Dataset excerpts
#####
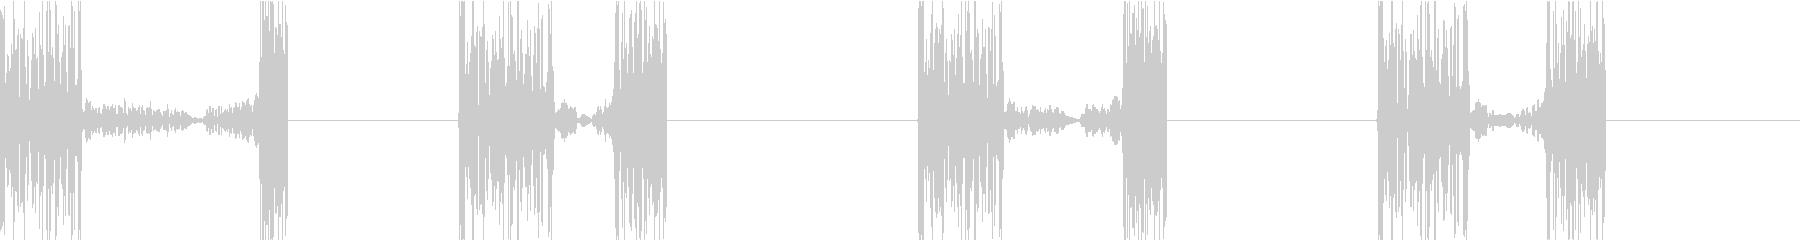 DJプレイ スクラッチ・ノイズ 171の未再生の波形
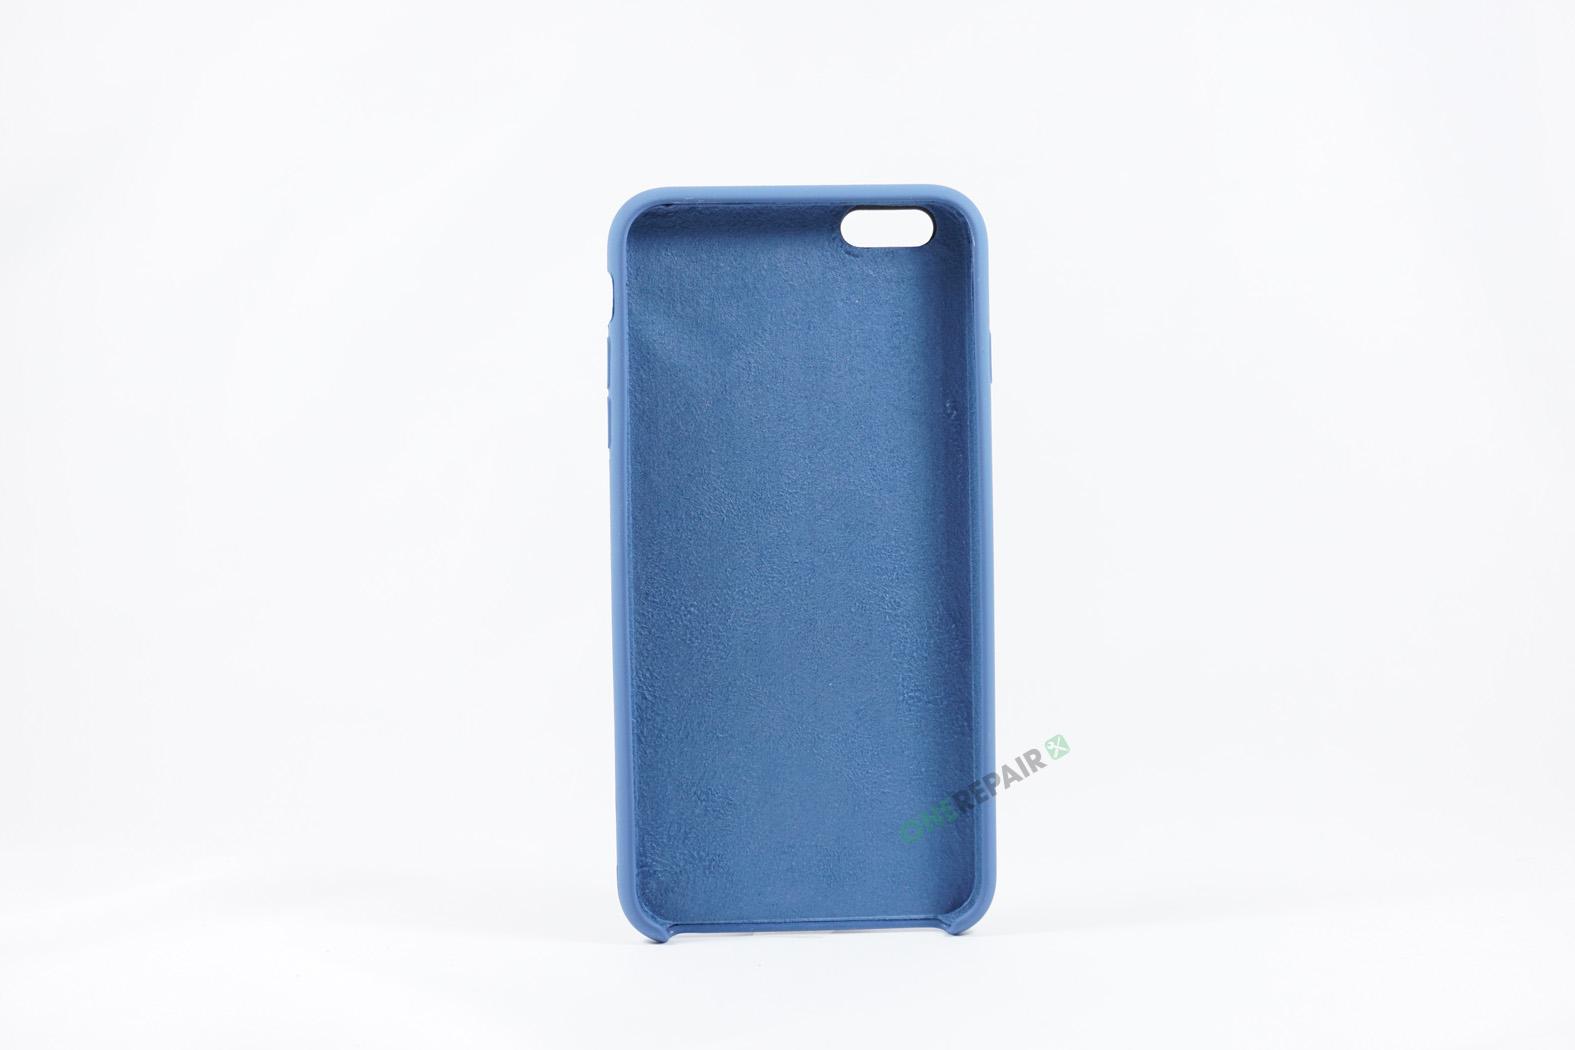 351432_iPhone_6+_6S+_Plus_Silikone_Cover_Blaa_OneRepair_WM_00003
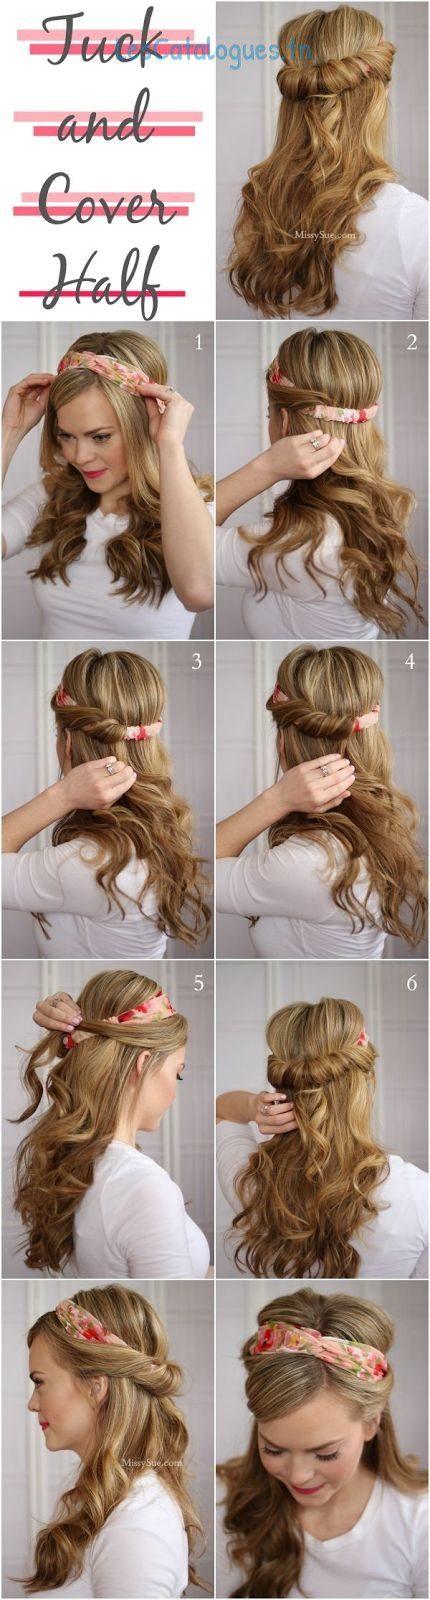 coiffure-cheveux-15
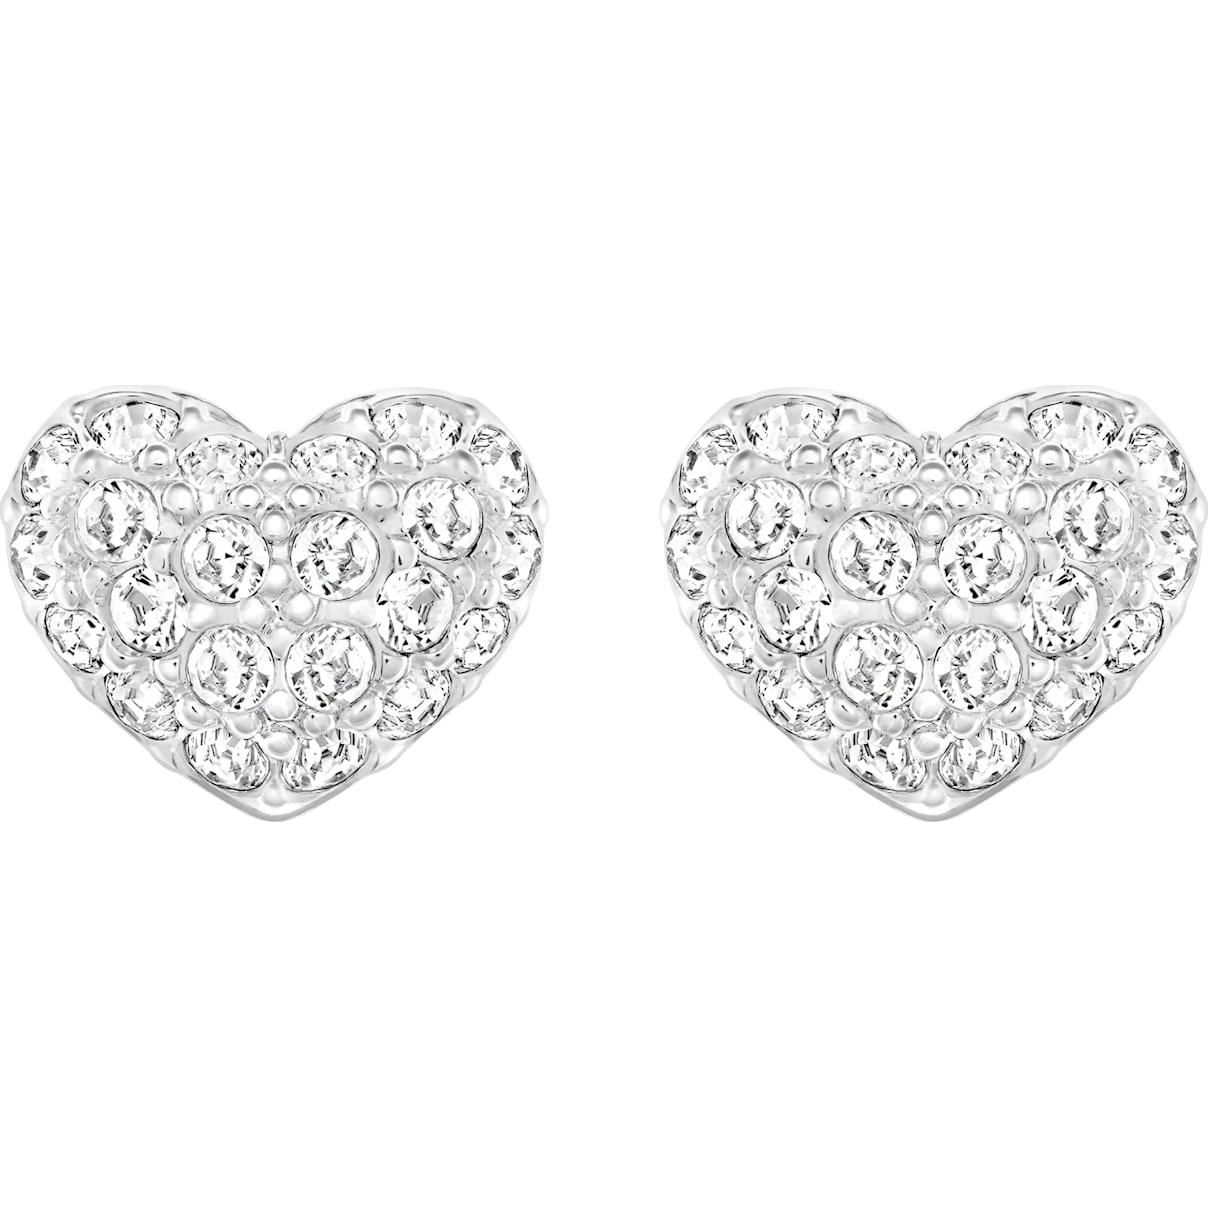 Swarovski Heart Pierced Earrings, White, Rhodium plated
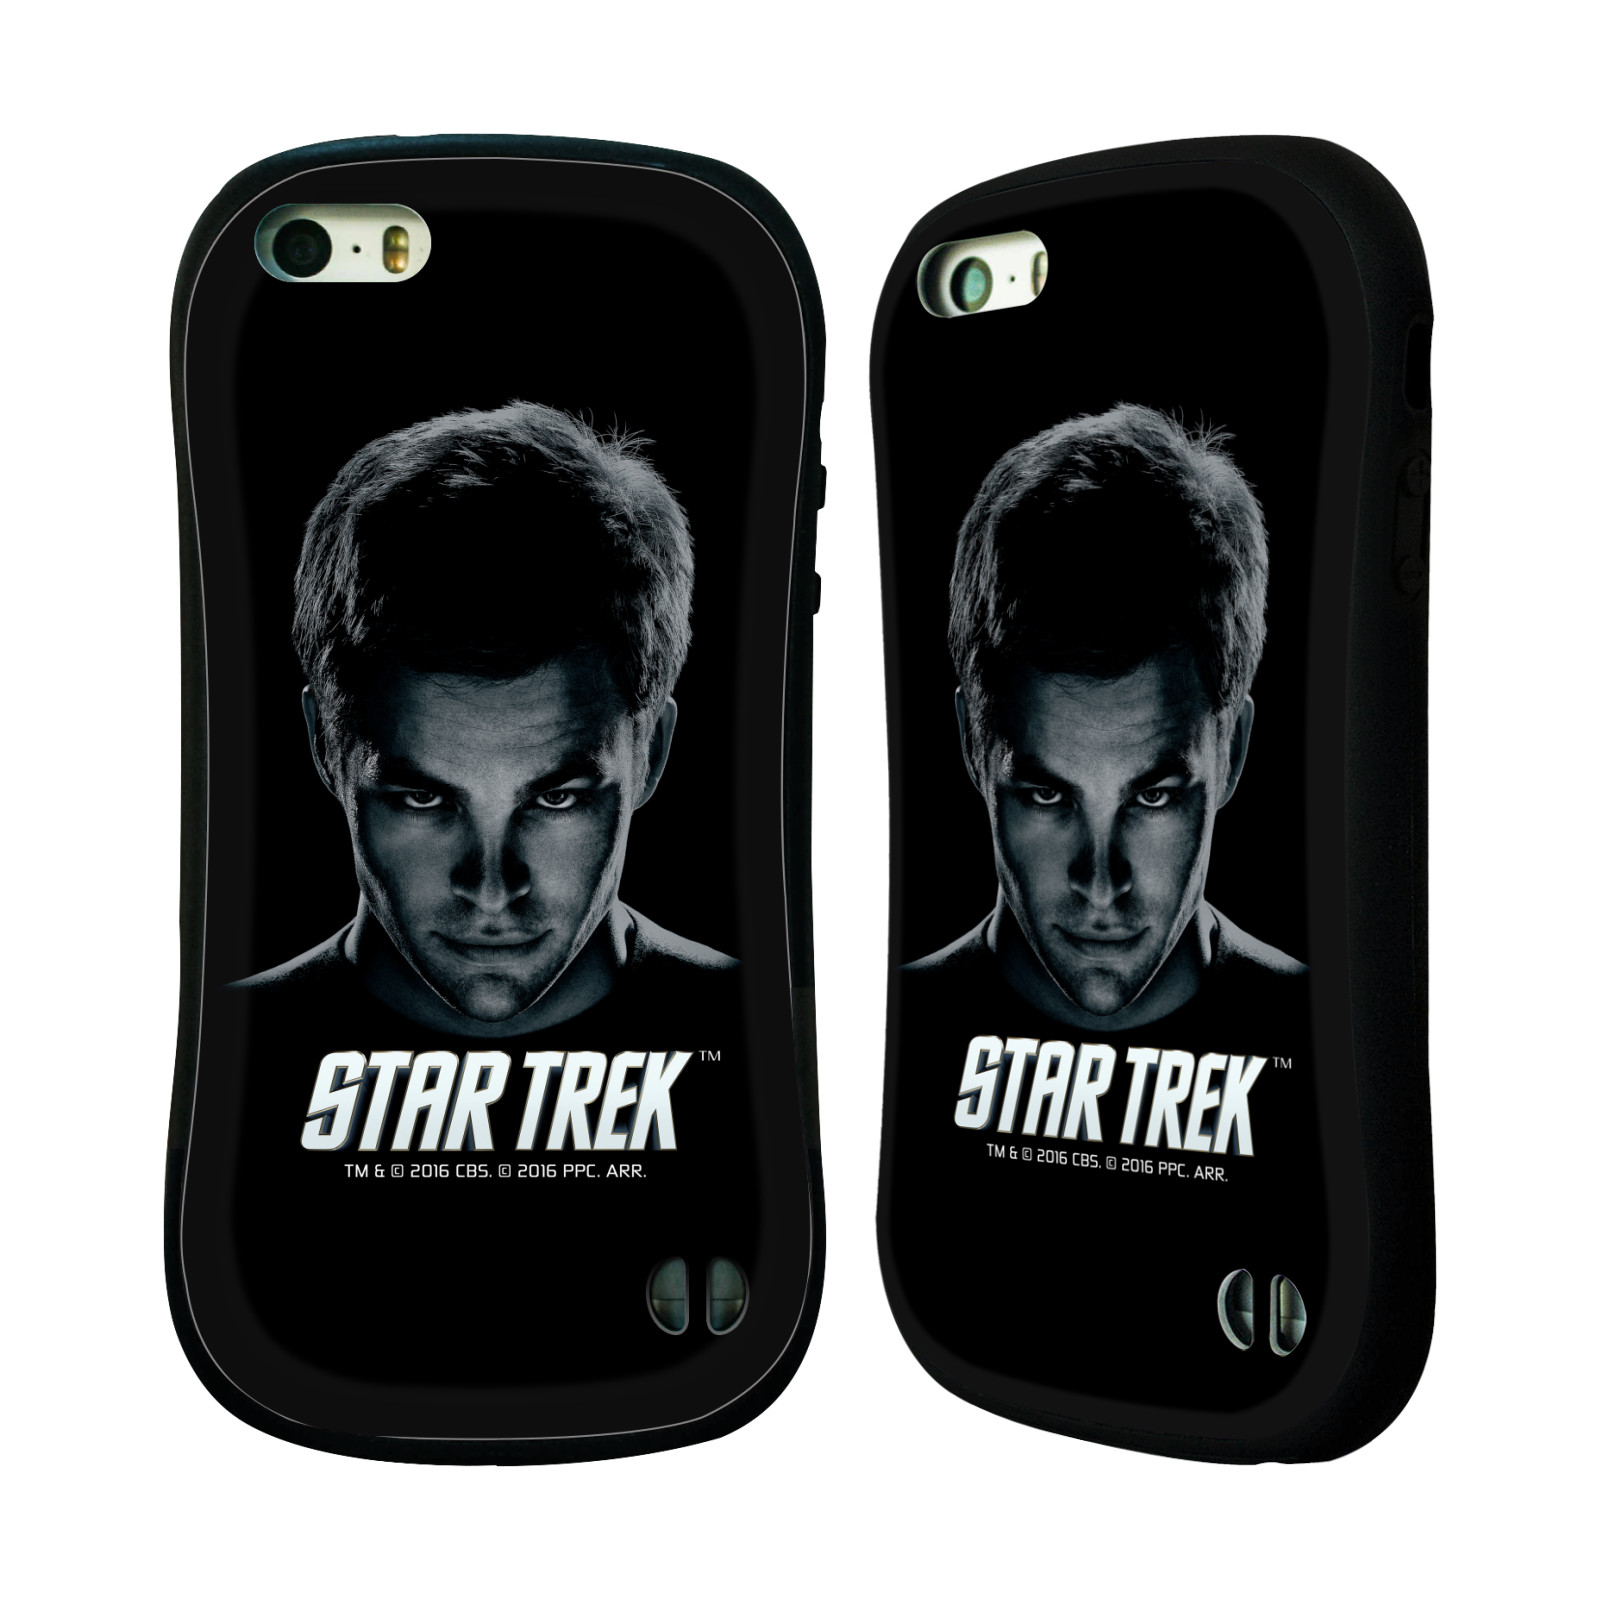 HEAD CASE silikon/plast odolný obal na mobil Apple Iphone 5 / 5S Star Trek Filmové postavy kapitán Kirk
#####
• **PROBLEM TO WORK ON**:
Each entry above should be given again exactly, with its pictures omitted.

• **YOUR SOLUTION**:
 DJプレイ スクラッチ・ノイズ 171の未再生の波形
 351432_iPhone_6+_6S+_Plus_Silikone_Cover_Blaa_OneRepair_WM_00003
 coiffure-cheveux-15
 Swarovski Heart Pierced Earrings, White, Rhodium plated
 HEAD CASE silikon/plast odolný obal na mobil Apple Iphone 5 / 5S Star Trek Filmové postavy kapitán Kirk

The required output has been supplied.